5

I am working with an Oracle EPM Product called Financial Data Quality Management Enterprise Edition (FDMEE). I have written a Jython script to parse a data file and push it to a custom table within the FDMEE product schema.

It works fine when I am pushing a subset of data file. But when I parse the entire data file, it fails with the error IndexError: index out of range: 7.

Following is the error message I receive :

File "\\vmhodvesip4\D$\SVESI7\Custom\FDMEEApps\BFRVN/data/scripts/event/BefImport.py", line 5, in <module>

    if row[7]=='JAN':

IndexError: index out of range: 7

Following is the code I use :

import csv

recReader = csv.reader(open('D:/SVESI7/Custom/FDMEEApps/BFRVN/inbox/BF_Reven_Load/Test03big.txt'), delimiter='!')
for row in recReader:
    if row[7]=='JAN':
        period_num = '1'
    elif row[7]=='FEB':
        period_num = '2'
    elif row[7]=='MAR':
        period_num = '3'
    elif row[7]=='APR':
        period_num = 4
    elif row[7]=='MAY':
        period_num = 5
    elif row[7]=='JUN':
        period_num = 6
    elif row[7]=='JUL':
        period_num = 7
    elif row[7]=='AUG':
        period_num = 8
    elif row[7]=='SEP':
        period_num = 9
    elif row[7]=='OCT':
        period_num = 10
    elif row[7]=='NOV':
        period_num = 11
    elif row[7]=='DEC':
        period_num = 12
    else:
        period_num = 'skip'

    if period_num != 'skip':
        params1 = ['batch_plnapps_oi',row[7],period_num,'20' + row[1][-2:],row[2], row[3], row[4], row[5], row[6], row[8], row[9], row[10], row[11], round(row[12],12)]
        ins_stmt1 = "insert into aif_open_interface(batch_name,period,period_num,year,col03,col04,col05,col06,col07,col09,col10,col11,col12,amount) values (?,?,?,?,?,?,?,?,?,?,?,?,?,?)"
        fdmAPI.executeDML(ins_stmt1,params1,False)

fdmAPI.commitTransaction()
Yu Hao
  • 119,891
  • 44
  • 235
  • 294
Gautam TP
  • 51
  • 2
  • This error reports you don't have the 8th element of the list.
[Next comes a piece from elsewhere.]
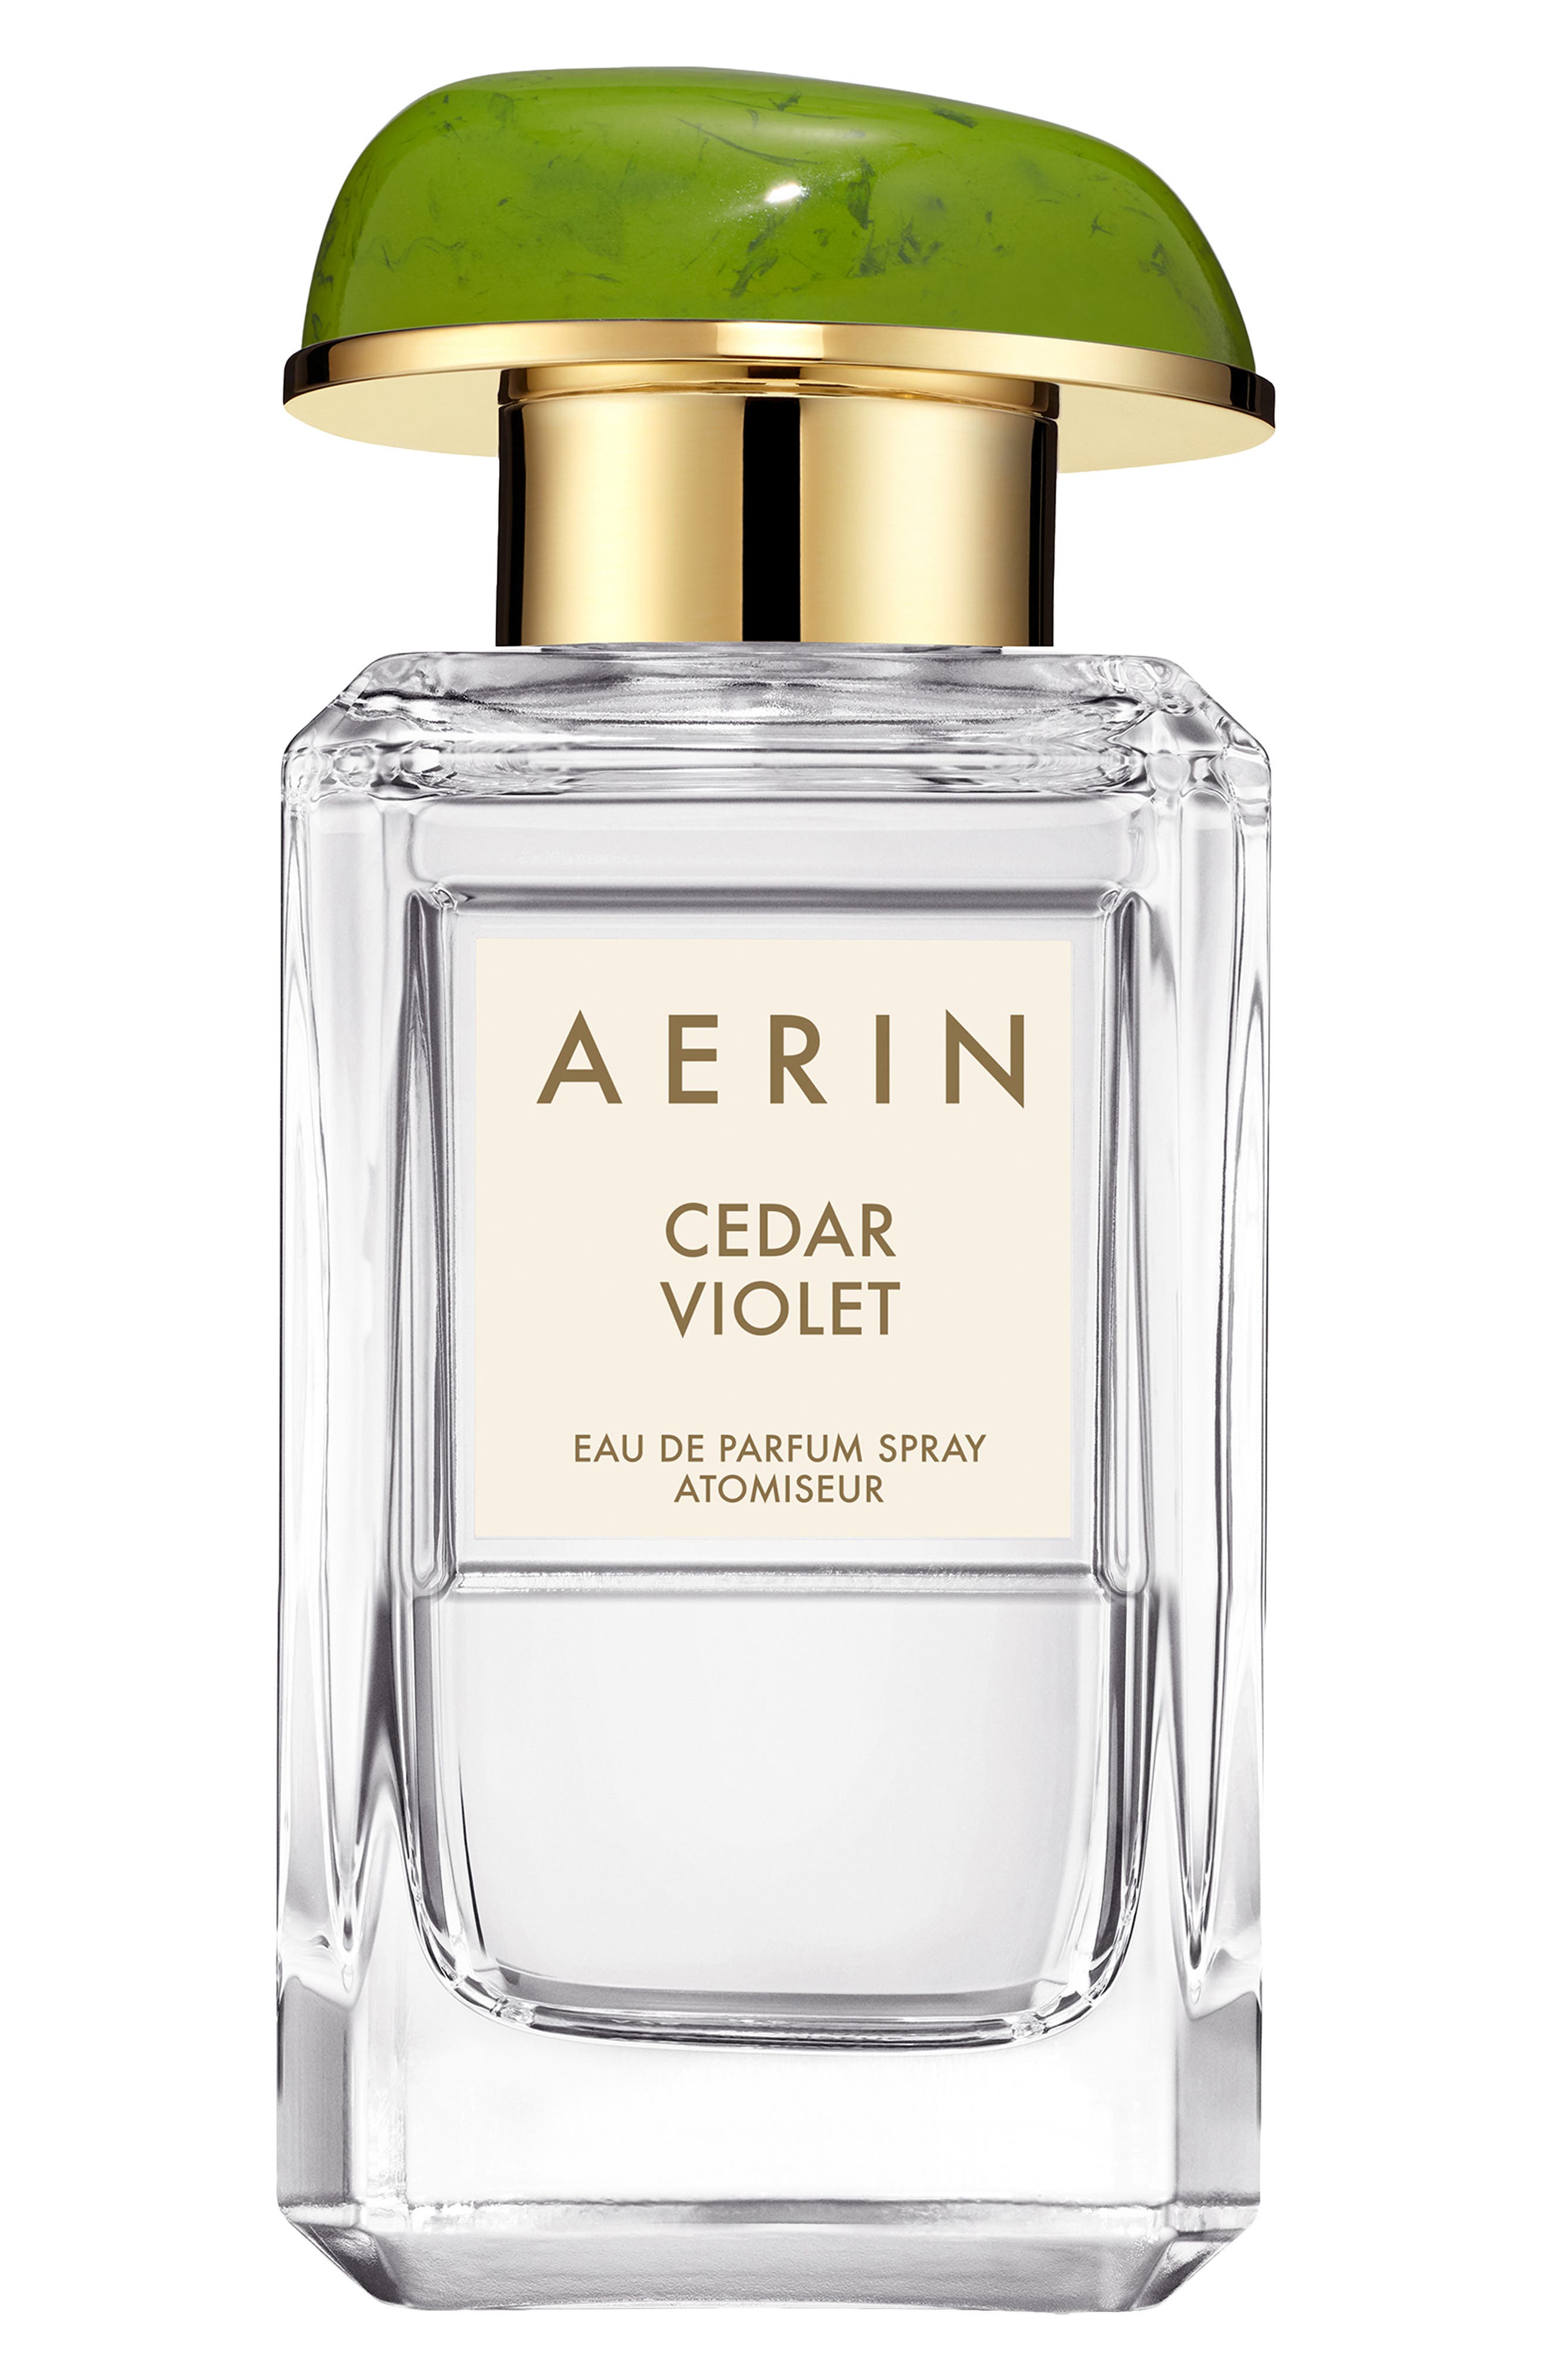 AERIN Cedar Violet Eau de Parfum Spray 1.7 oz

What is the expected output? Check it and try to traceback. – Ricardo Silveira Sep 17 '15 at 02:19
  • Also, read Pandas documentation [here] (http://pandas.pydata.org/pandas-docs/stable/generated/pandas.DataFrame.html) and work with dataframes, they are much better for this purpose. – Ricardo Silveira Sep 17 '15 at 02:21
  • I haven't had much time to look at your code, but I would suggest using a Dict_Reader from the csv module so that you can look that the column by column name rather by index. Try this instead and you may find a solution without actually knowing the problem – Connor Sep 17 '15 at 02:21
  • Hi @RicardoSilveira thanks for the comment, the expected output is that, it pushes the data from the file to the tables in a custom schema within the product database, the code is executing fine if I use a subset of the data, but gives the indexError if I am using a larger dataset (with similar data structure/format) , also going through pandas, thanks for the reference. – Gautam TP Sep 17 '15 at 02:33
  • @Connor Thanks for the reference Connor, going through it now – Gautam TP Sep 17 '15 at 02:33
  • What is the value of `row` when it gets the error? – Barmar Sep 17 '15 at 02:40
  • @Barmar The affected row is used to hold the information on various periods (jan to dec), there are also data rows with values more than 39 decimal precision which i am rounding it off to 12 decimals, not sure if this is large to support – Gautam TP Sep 17 '15 at 02:45
  • That doesn't answer my question. You need to look at `row` when it gets the error, and figure out why it doesn't have the expected number of fields. – Barmar Sep 17 '15 at 02:55
  • @Barmar Thanks Barmar, I am running some tests now with more data files, will update you. – Gautam TP Sep 17 '15 at 03:00
  • Just add a check `if len(raw) > 7):`. – luoluo Sep 17 '15 at 03:14
  • possible duplicate of [I am getting an Index error as list out of range. I have to scan through many lines](http://stackoverflow.com/questions/32332134/i-am-getting-an-index-error-as-list-out-of-range-i-have-to-scan-through-many-li) – luoluo Sep 17 '15 at 03:26

2 Answers2

2

There are obviously fewer than 8 columns for the affected row. Debug using a try/except block:

for n, row in enumerate(recReader, start=1):
    try:
        month = row[7]
    except:
        print('Row {0}: {1}'.format(n, row))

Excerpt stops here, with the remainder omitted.